I have few buildings: there are too many plants. But as they die away I have been able to move onto the vacant real estate. 

One advantage of a "foreign" railroad is that few visitors can know whether it is correct or not.


----------



## timlee49 (Jan 12, 2008)

G'day Les,

If you are going to model Aussie narrow gauge, then the correct scale will be 1:24 to represent our usual 42 inch gauge.

Personally though I just use 1:20.3 and use standard Australian narrow gauge practices such as coupler height and type.

As for terrain, many narrow gauge railways (often refered to as Tramways if privately owned) ran Baldwins, English, German and French designed locos through desert or semi desert areas - dust and very low shrubs. or you could go for the Victorian and Queensland timber tramways that ran almost anything that you can conceive of including upright climaxes, Garretts or even the double Fairlies, but then you would need to model the bush so thick that you would only see small glimpses of parts of the Locos as they pass.

Yeah mate, DO IT! 

Let your mind go free!

If I can model South Australian Narrow Gauge in South Australia, representing places that never had railways or had Irish Broad Gauge railways, why can't you do it your way in Missouuri!

Hope to see some results one day,

Tim


----------



## tacfoley (Jan 3, 2008)

Posted By Les on 01/14/2009 8:25 PM So, I wondered, why not build an Austrialian-based layout? For me it'd be about as close as I'll ever get to the place. Another thing, from the Frenchie's pics, the trees sure would be easier to model. I like British and NZ engines & rolling stock. Has anyone else tried doing a 'foreign' (as in the sense of unfamiliar geography) layout? What particular problems might arise? 
Les



Dear Mr Les - As Mr Tim above notes - you CAN do it! But have a think about New Zealand, too.
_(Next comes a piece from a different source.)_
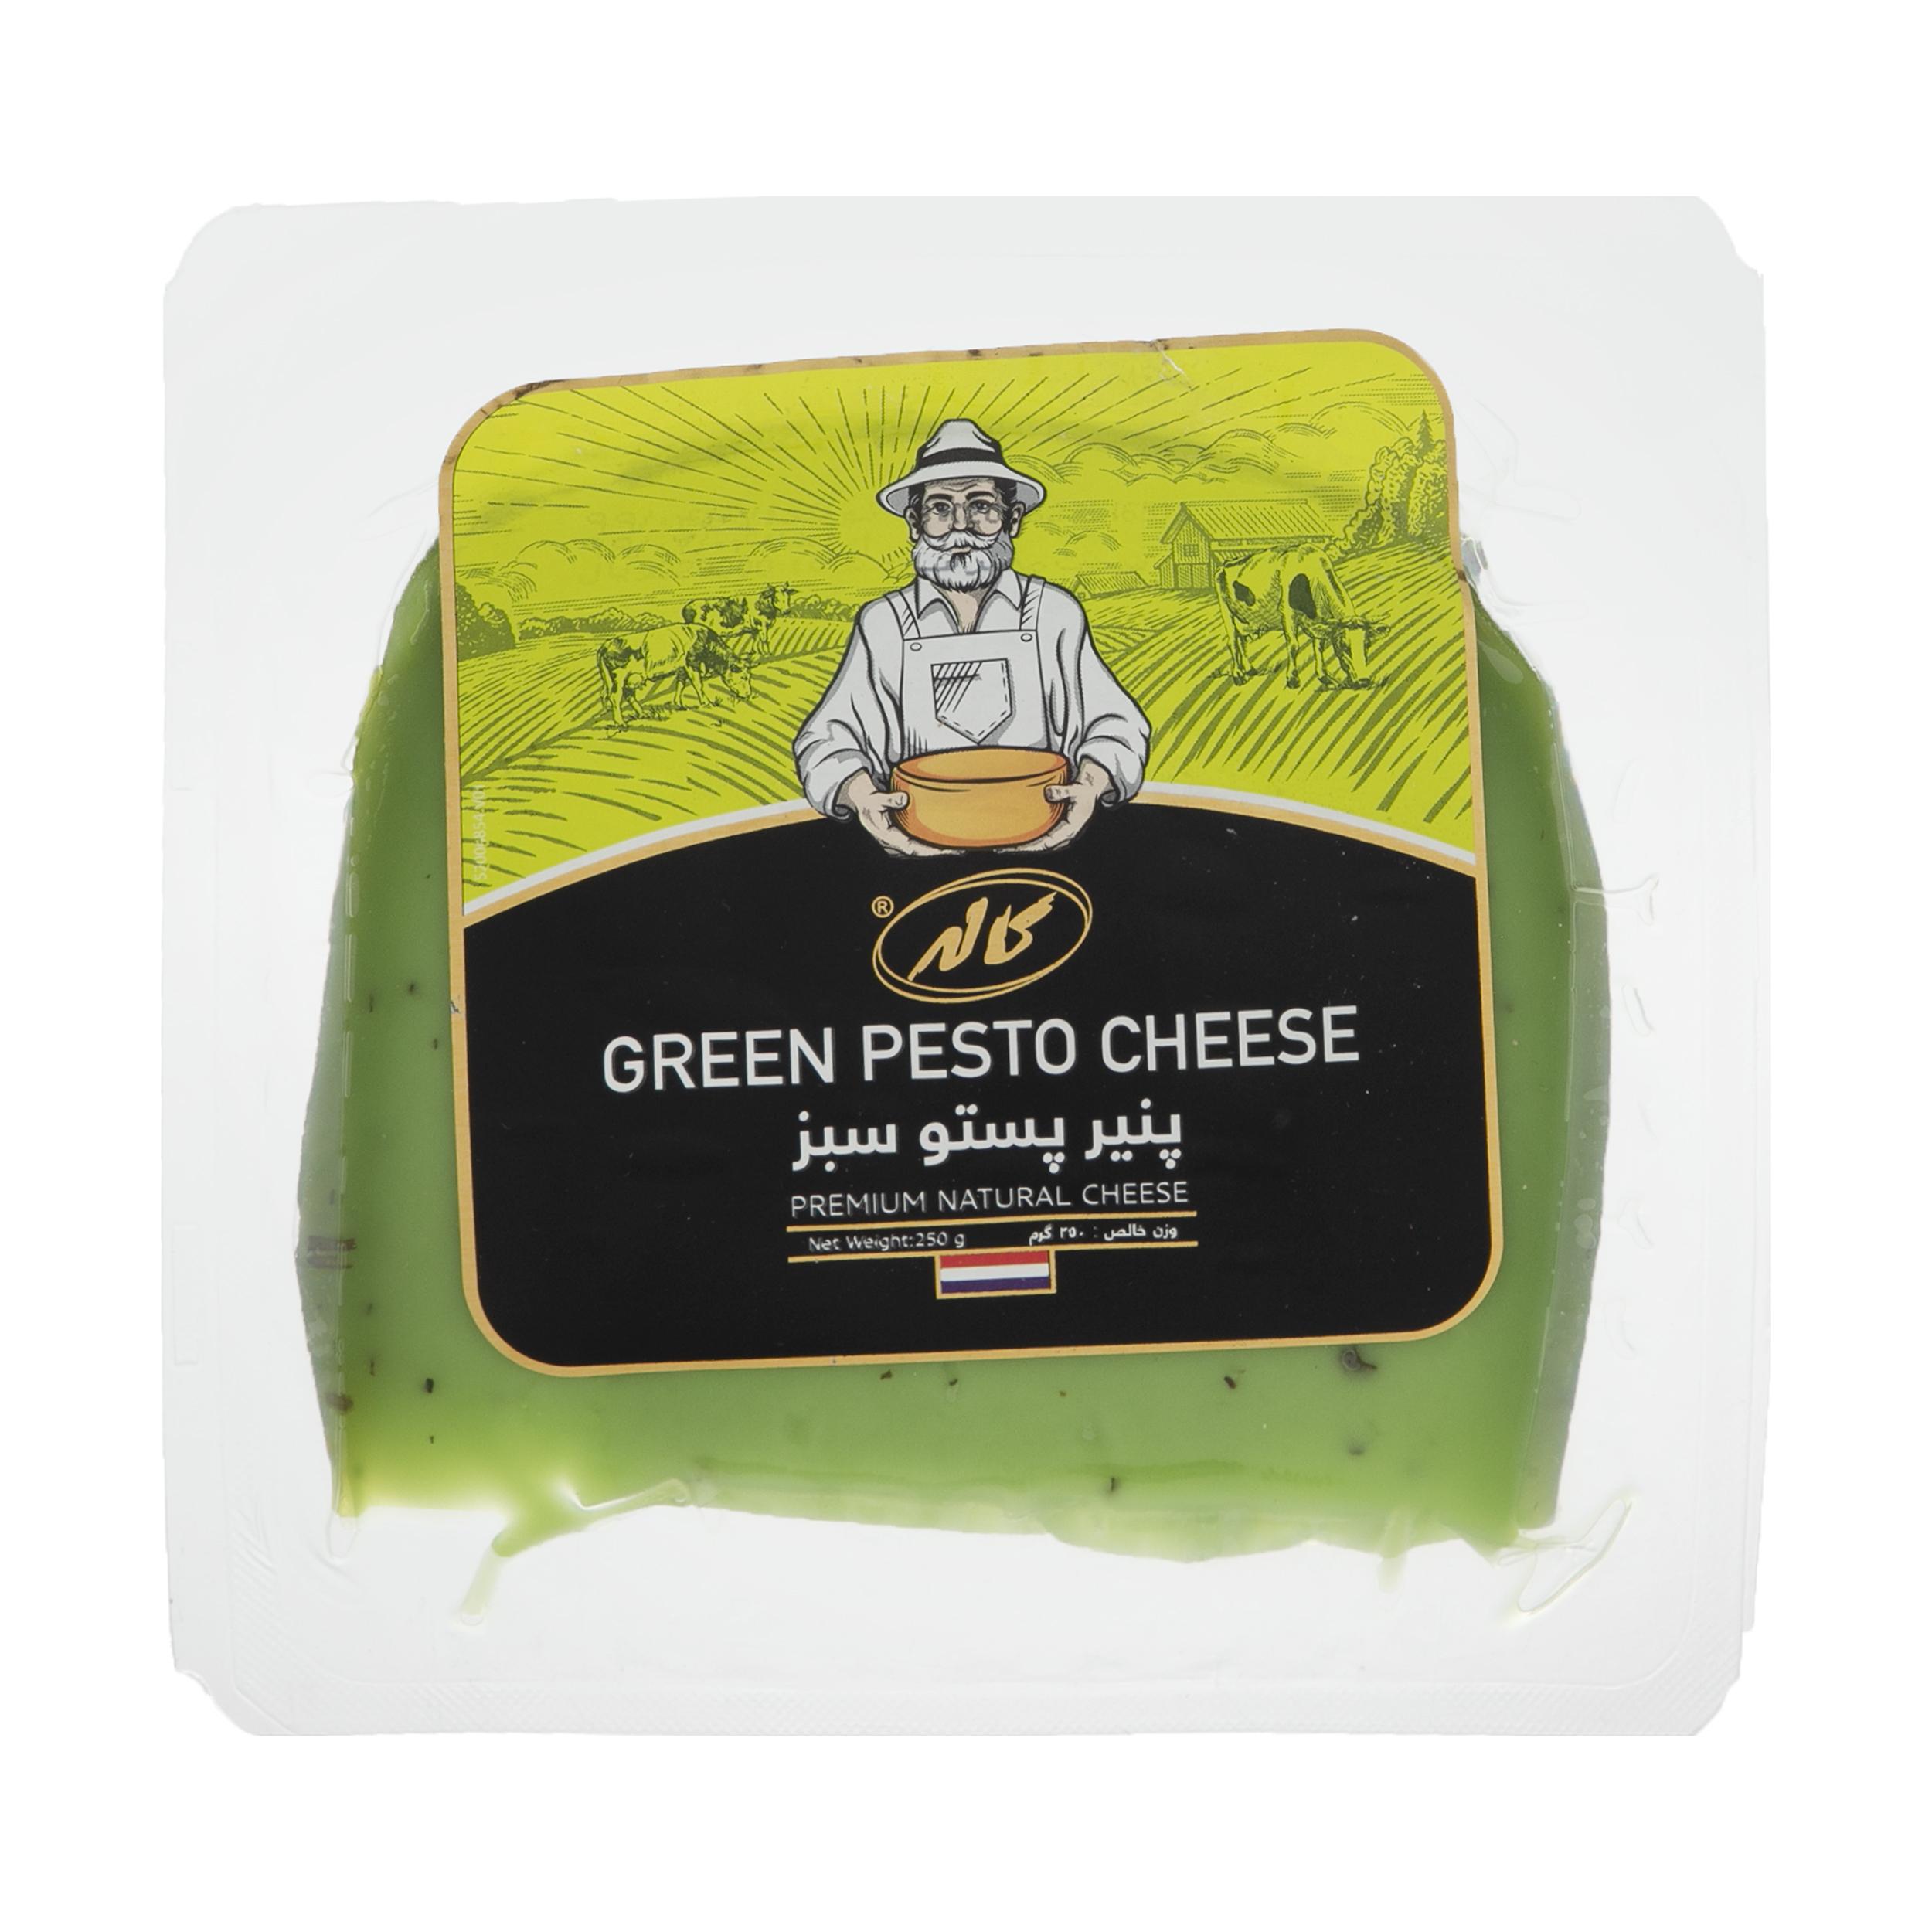 پنیر گودا پستو سبز کاله مقدار 250 گرم

NZ runs on Cape Gauge - 3ft 6in - and has correspondingly far smaller railroad equipment. Add to that the unbelievable scenery of the NZ hinterland [The ' Lord of the Rings' trilogy was made there] and you are up for some great mountains and lakes scenery. If you ever get the chance, have a look at the fantastic two-DVD set of movies made by Marcus Lush - 'Off the rails' - in which he travels from Bluff on the tip ofthe South Island to Aukland and beyond on the North Island, mostly by rail.

tac
http://www.ovgrs.org/


----------



## Dan Pierce (Jan 2, 2008)

Do not forget Quigly down under, and music by tge Bee Gees


----------



## ralphbrades (Jan 3, 2008)

Well I model Colonial Railways, (what do you expect being a Colonial???). Until recently I had never seen an NZ lokey in the flesh and I had to go on pictures and drawings. However following a Christmas holiday in Napier I can at last say that I will have some genuine NZ ferns growing in my garden for the passing lokeys to admire. The instructions for getting the "spores" to grow involve yoghourt, peat, vermiculite and toast spread with vegamite(???)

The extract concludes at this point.